Recognition that OT PVCs can also originate from the LVOT is increasing.³³ The most common origin is from myocardial fibers within or adjacent to the aortic root,^34,35 but PVCs may also originate from the left ventricular (LV) myocardium just below the aortic valve, from the LV summit at the top of the interventricular septum, from the region of the AMC, or from the LV outflow epicardium.³⁶ LVOT PVCs also have a left bundle branch block pattern in lead V₁ (usually rS) with an inferior axis. Because the aortic root is immediately posterior to the RVOT (see Figure 81-1), LVOT PVCs have an earlier precordial transition, typically at or before lead V₃.^11,37 Further analysis can be performed to identify the origin within the aortic root. PVCs from the LCC region typically have an rS in lead I and an earlier precordial transition (lead V₁ or V₂) than those from the RCC (see Figure 81-4). PVCs from the RCC typically are positive and notched in lead I, with a precordial transition at lead V₂ or V₃.³⁸ The region at the junction of the RCC and LCC is a common site of aortic root PVC origin and has a signature “notch” or qrS pattern in lead V₁ or V₂^39,40 (see Figure 81-4).

As was already mentioned, PVCs with a precordial transition before lead V₃ typically originate in the LVOT, and those with a transition after V₃ typically originate in the RVOT. PVCs with a transition at lead V₃ are therefore challenging to localize.⁴¹ In addition, cardiac rotation or precordial lead misplacement can confound most ECG localization algorithms.
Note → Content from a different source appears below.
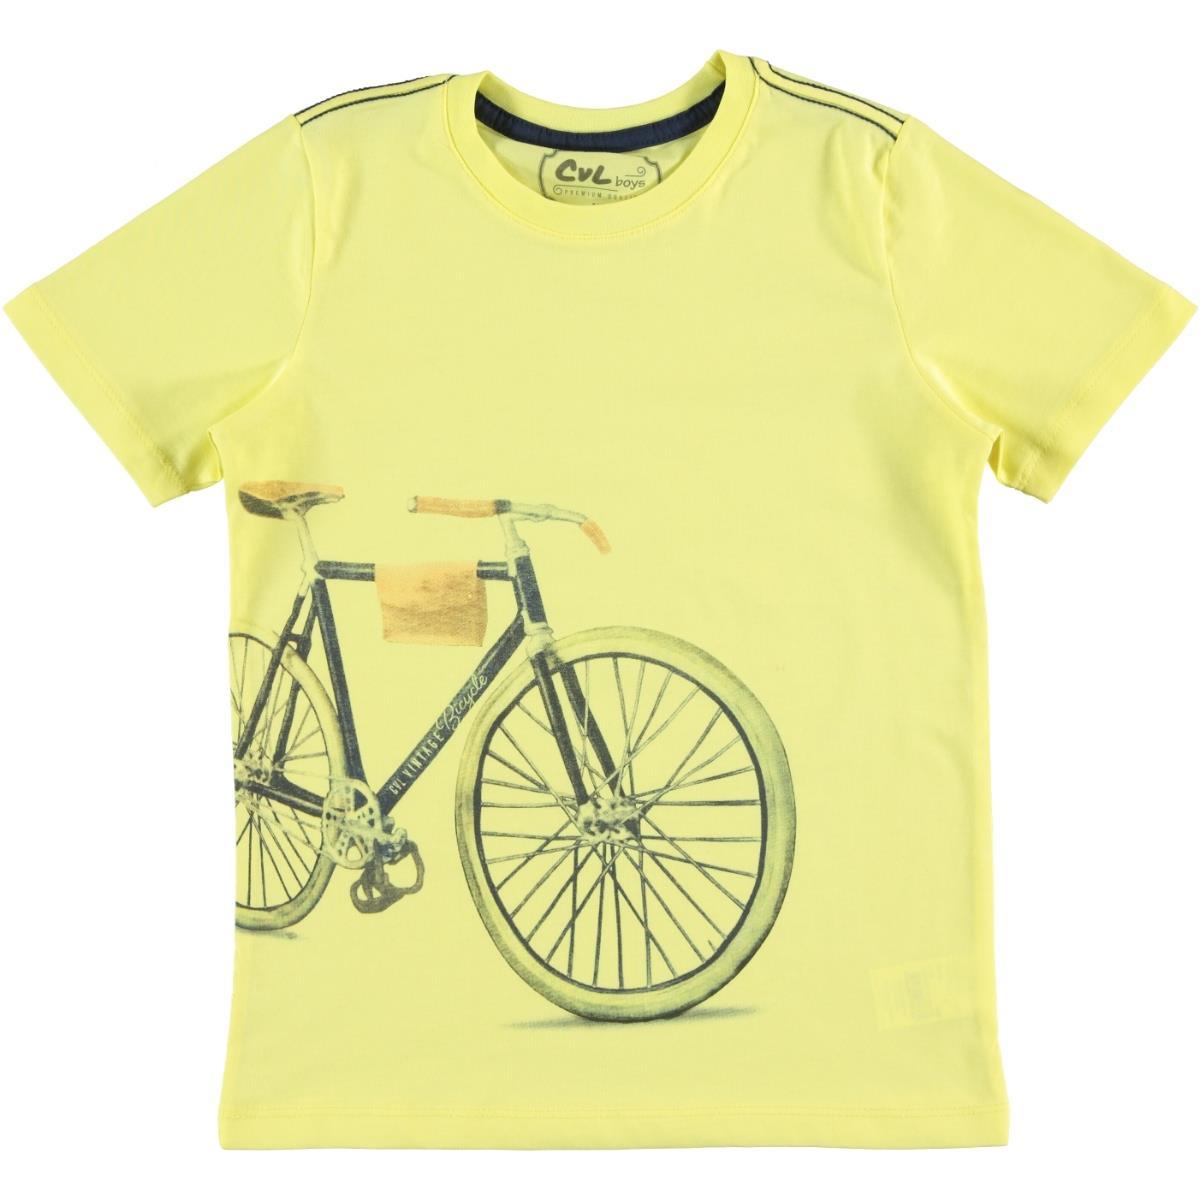 Cvl Boy T-Shirt Age 6-9 Yellow
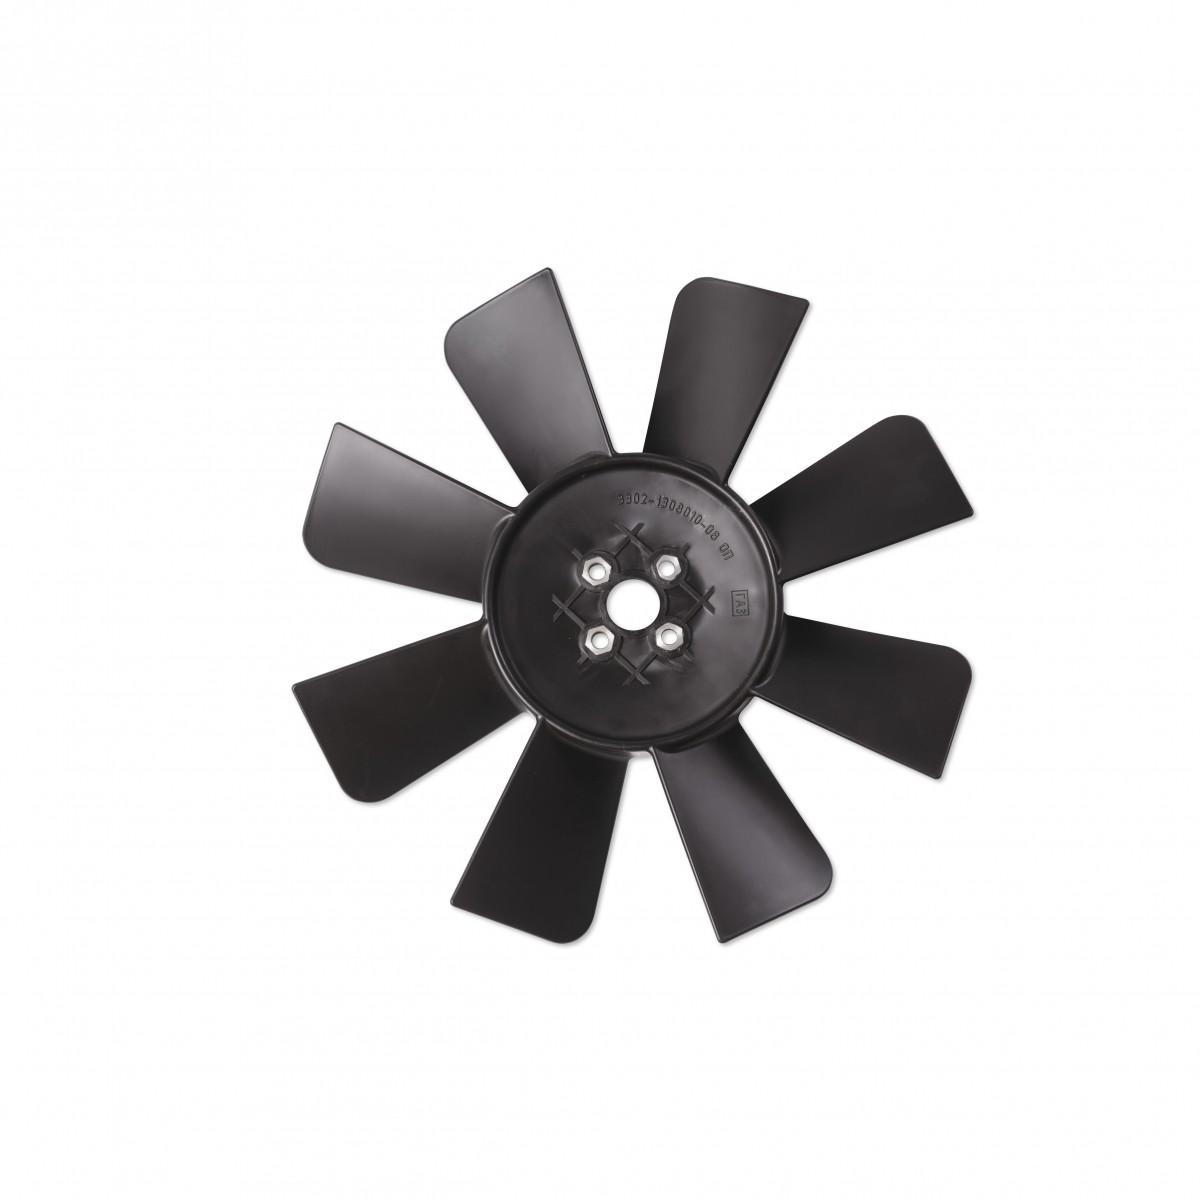 Lada 2101-2107 2108-2115 Coolant Fan 8 Blades For Electric Fan Engine

One study found that comparing the precordial transition of the PVC with that in sinus rhythm can be helpful in localizing PVCs with a V₃ transition. If the PVC transition occurs after the sinus rhythm transition, the origin is RVOT with 93% specificity.⁴² Other algorithms are available for distinguishing RVOT from LVOT arrhythmias^43,44 (Table 81-1, Distinguishing ECG Features of LVOT vs. RVOT PVCs).